*** Opening of Supplied material ***

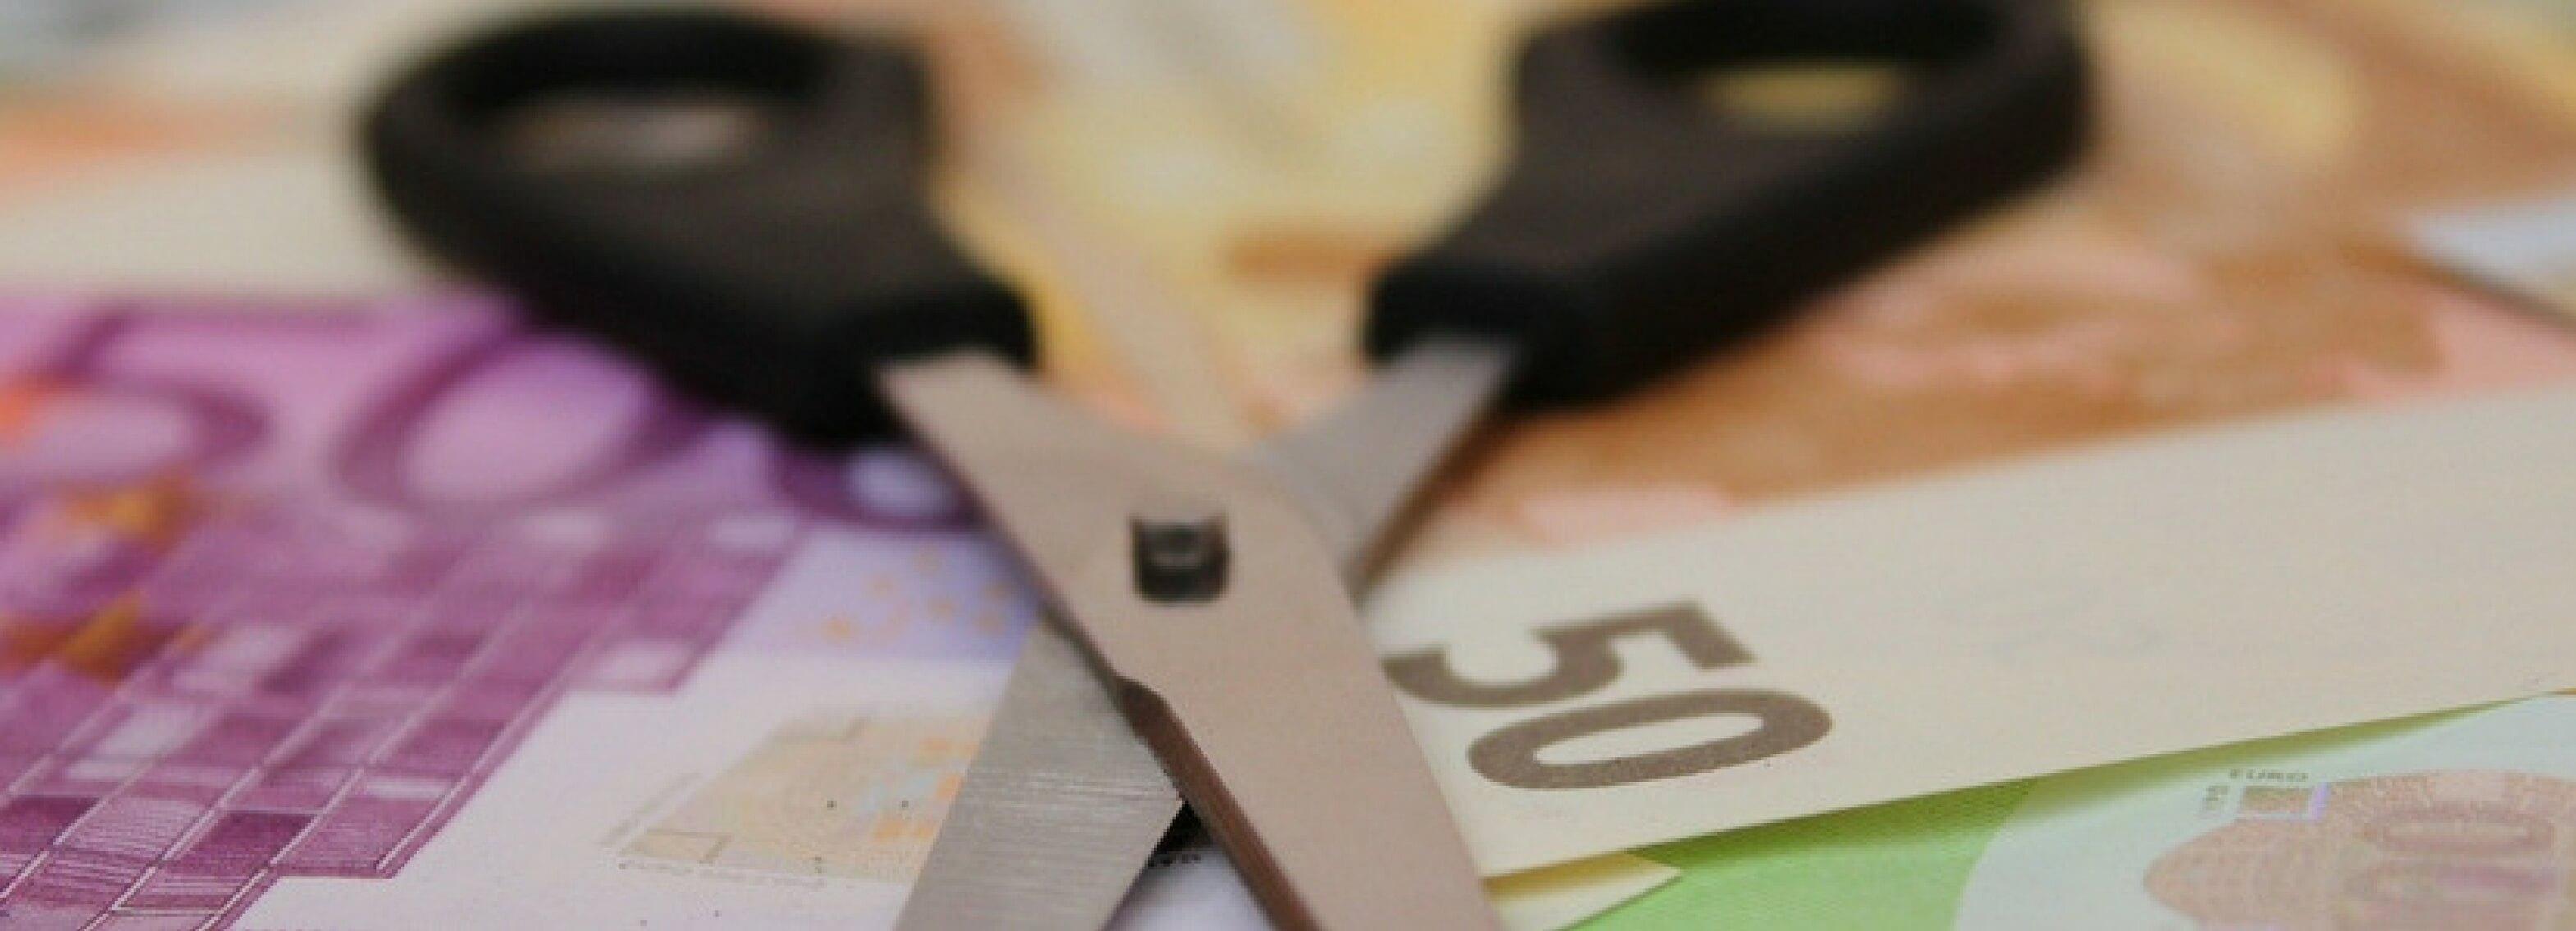 klein pensioen verdelen
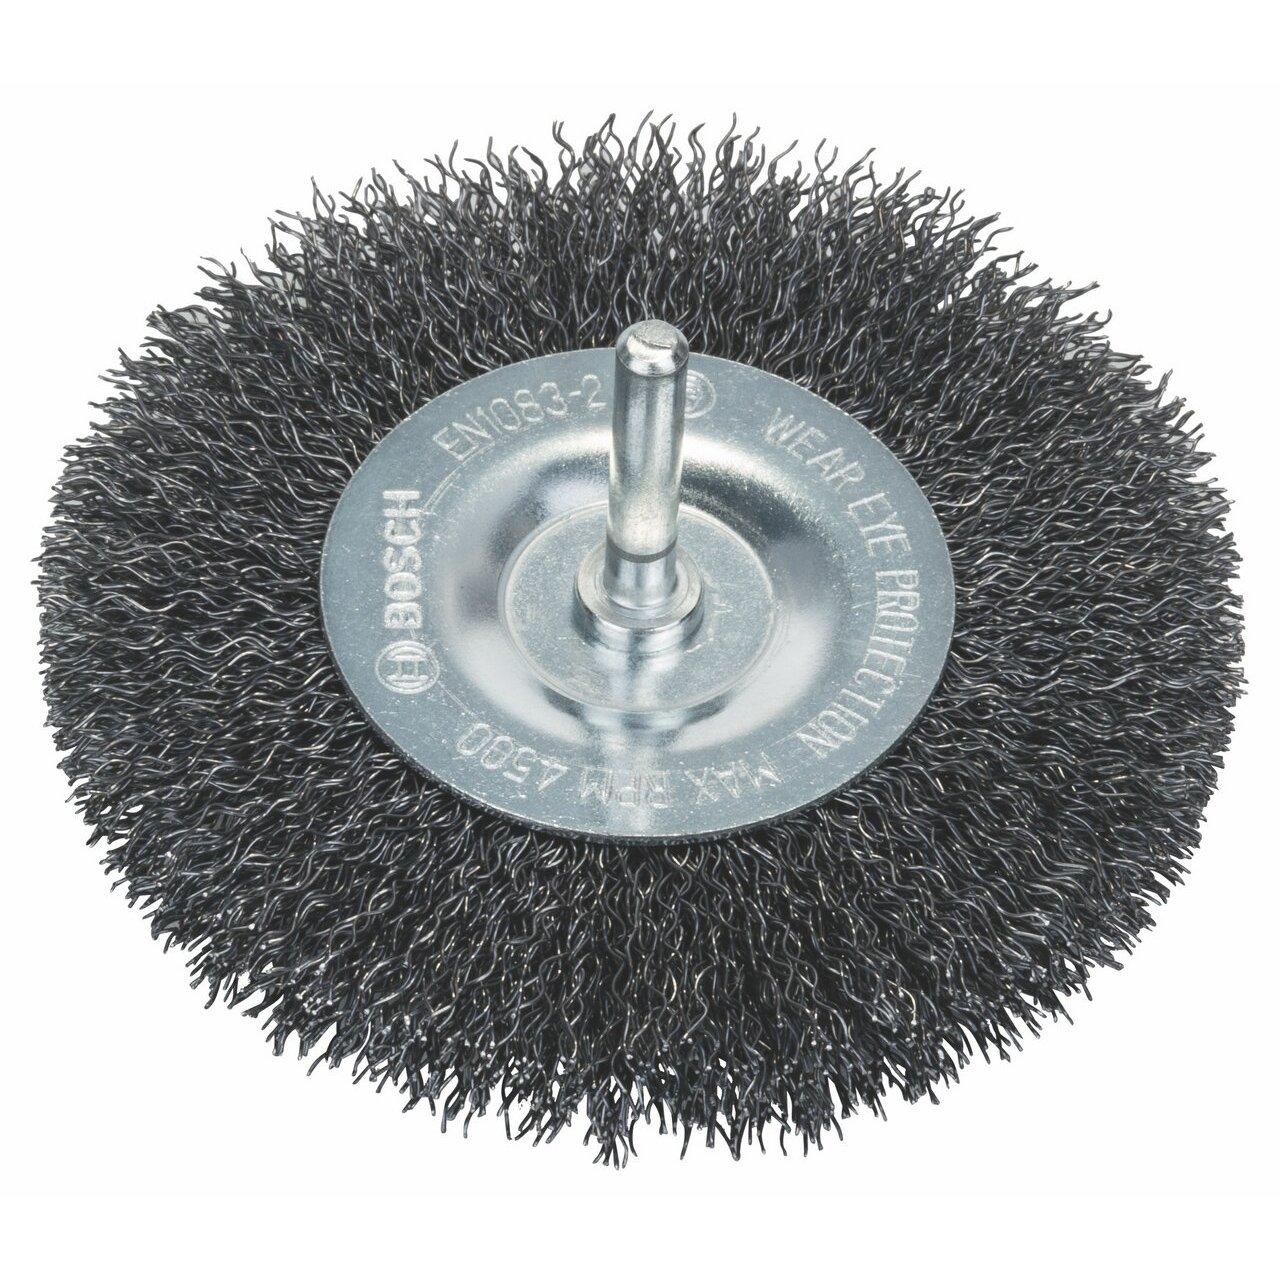 Bosch 1609200273 6mm Shank Wheel 100mm, Crimped Wire, 0.3mm Steel, Silver, 0.3 mm
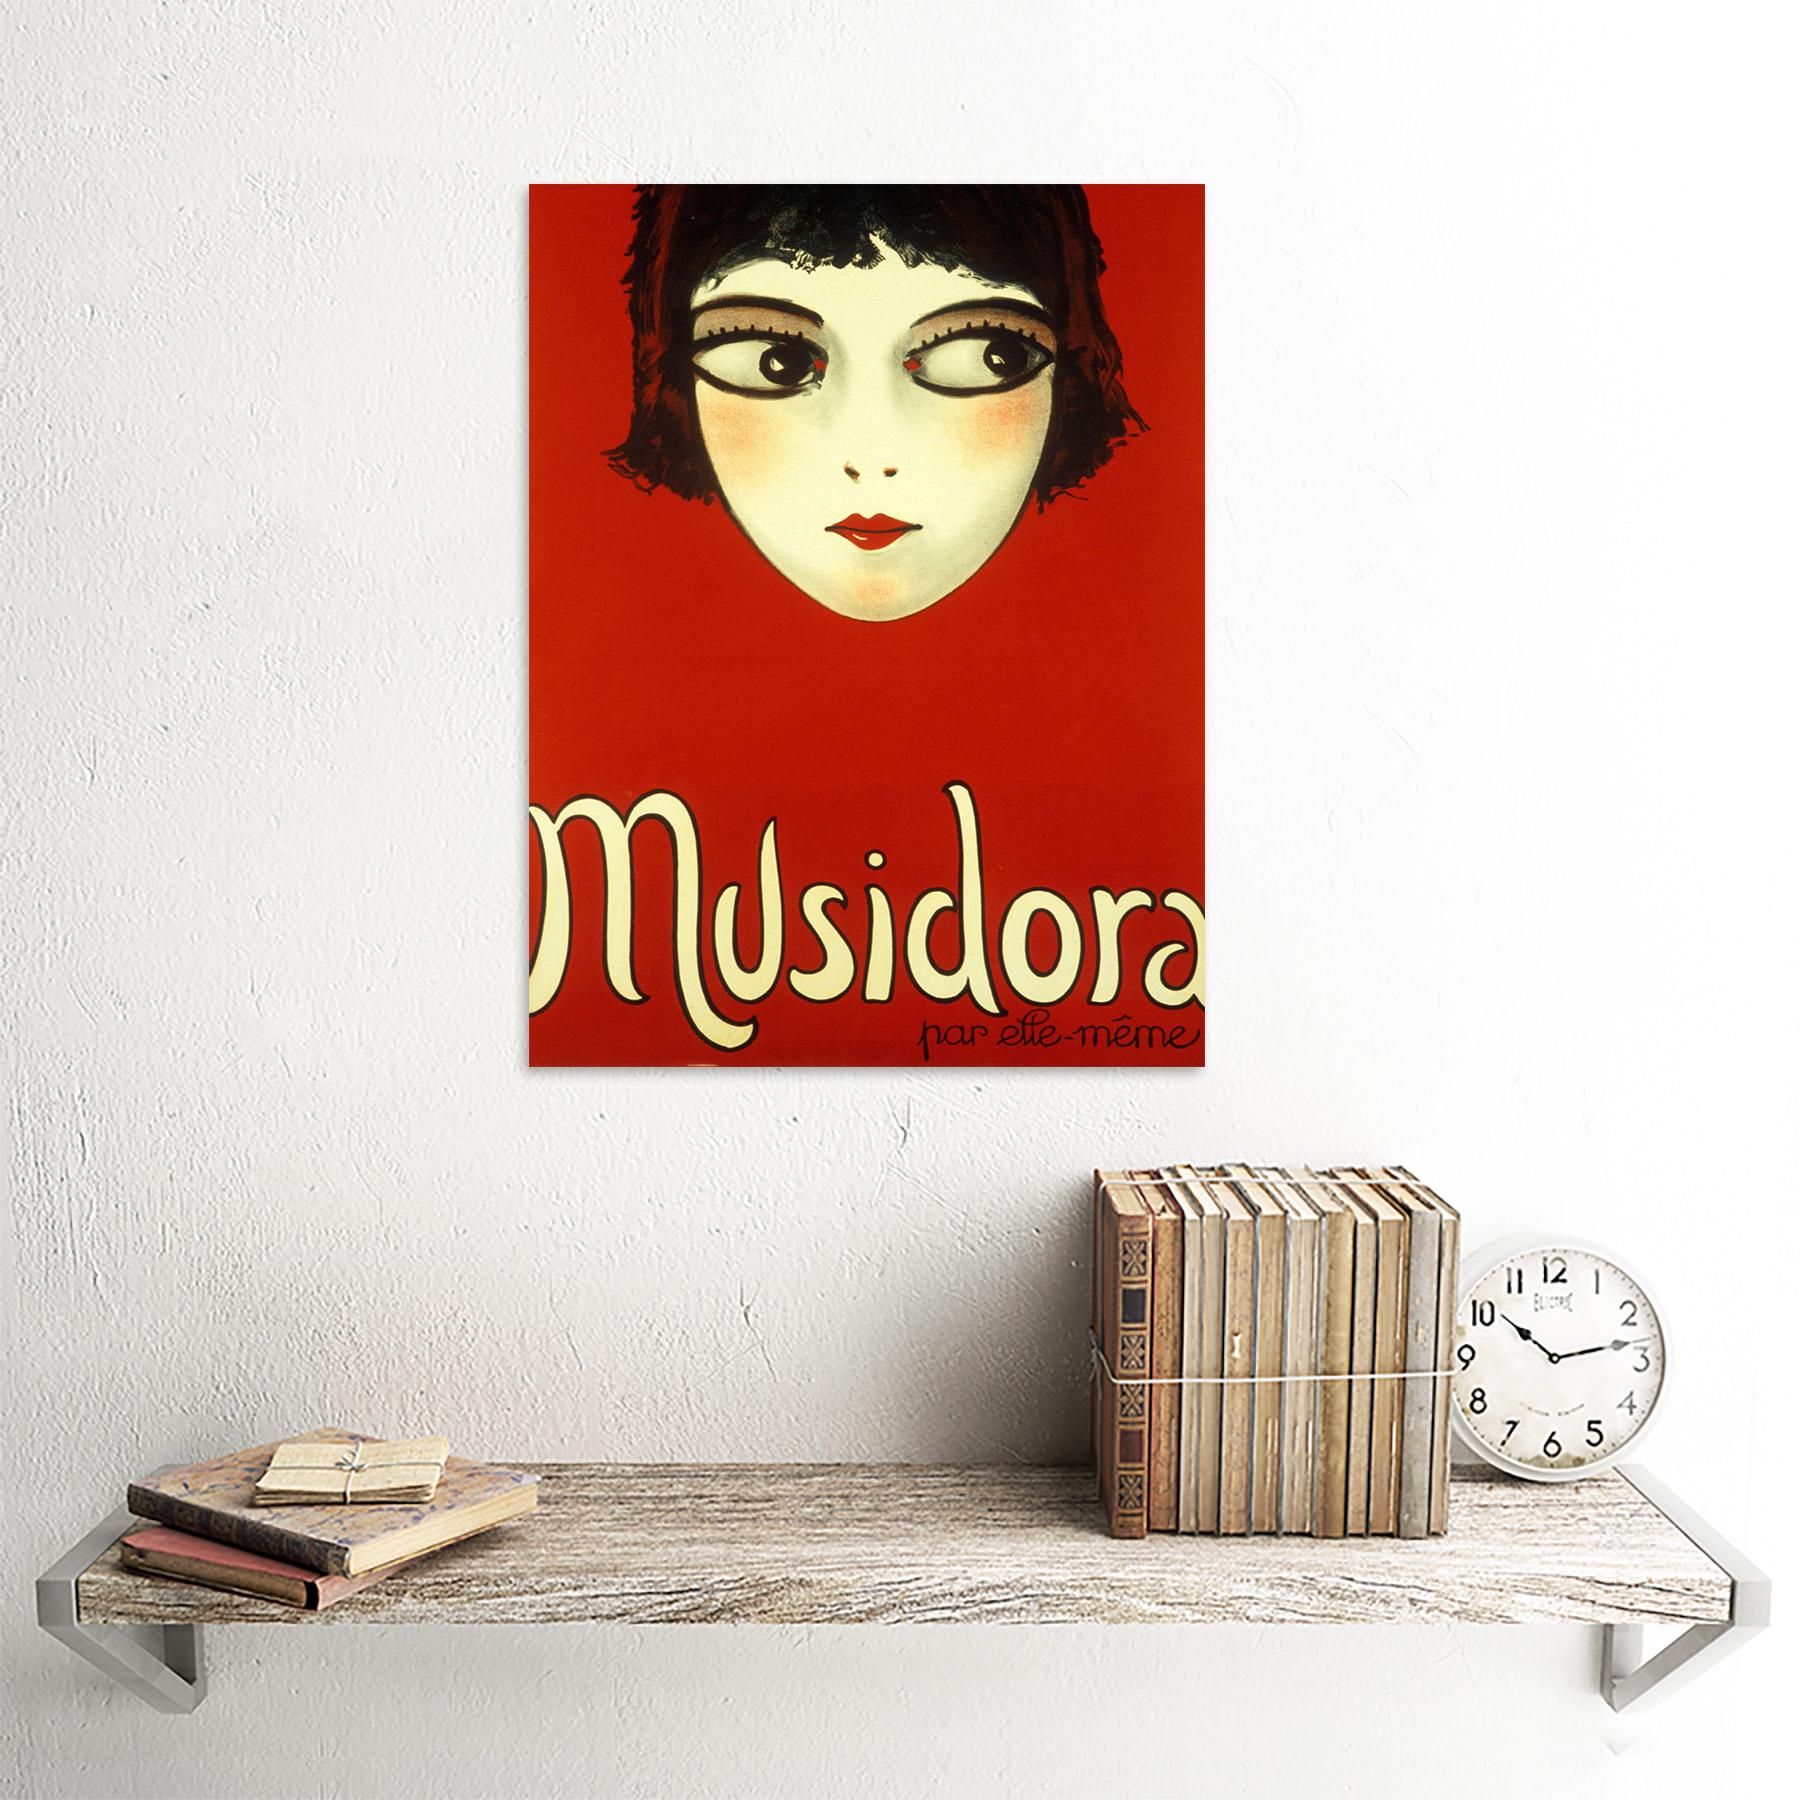 Actriz francesa Musidora solo muestran anuncio Pared Arte Cartel enmarcado
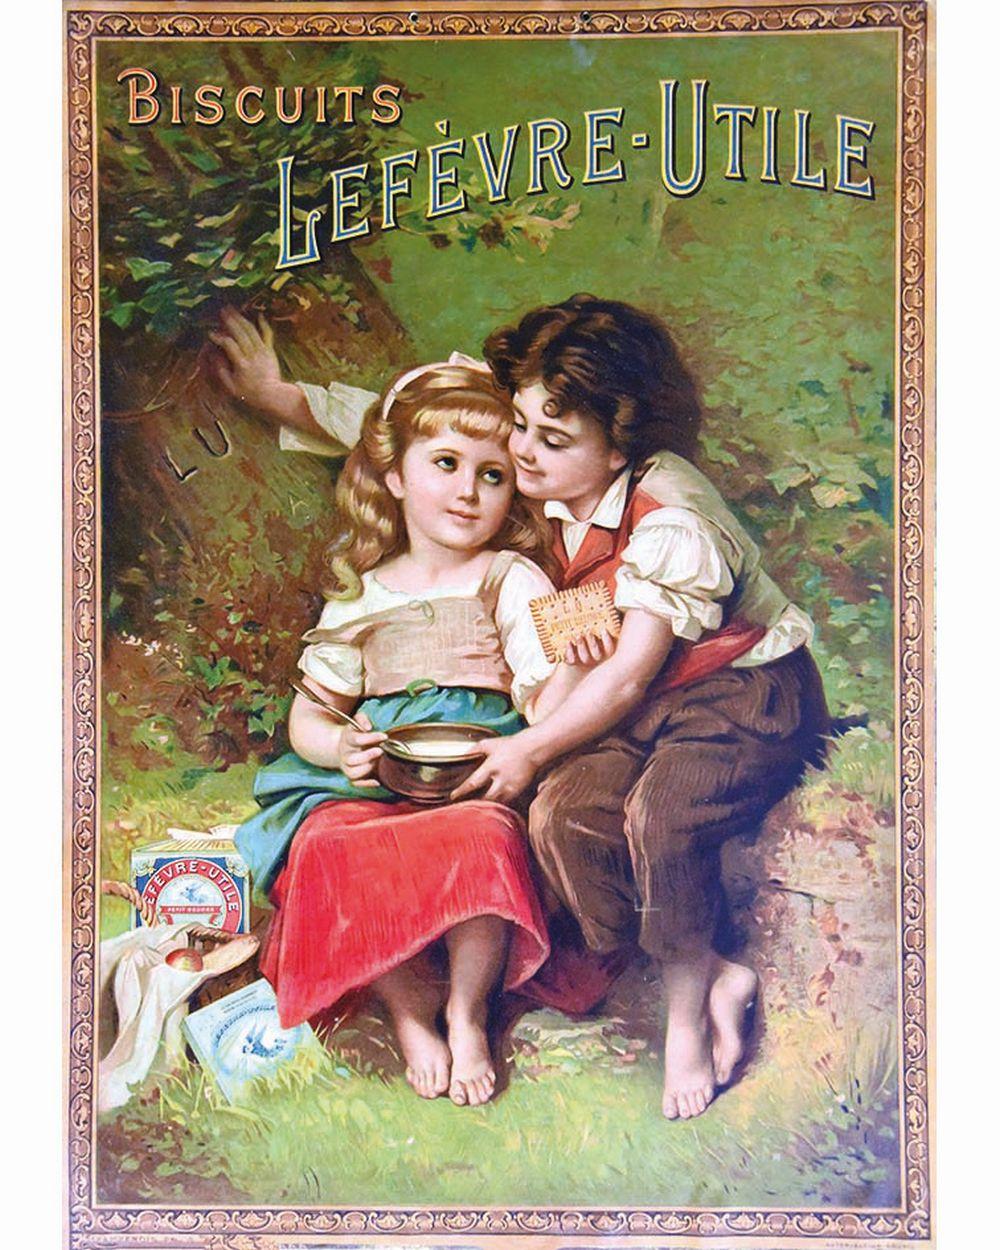 Biscuits Lefèvre Utile petit beurre     vers 1900  Nantes (Loire Atlantique)

*** Close of Supplied material ***

How to complete this task
Once the images are dropped, set down the remaining material word for word.

Output below
 klein pensioen verdelen
 Bosch 1609200273 6mm Shank Wheel 100mm, Crimped Wire, 0.3mm Steel, Silver, 0.3 mm
 Actriz francesa Musidora solo muestran anuncio Pared Arte Cartel enmarcado
 Biscuits Lefèvre Utile petit beurre     vers 1900  Nantes (Loire Atlantique)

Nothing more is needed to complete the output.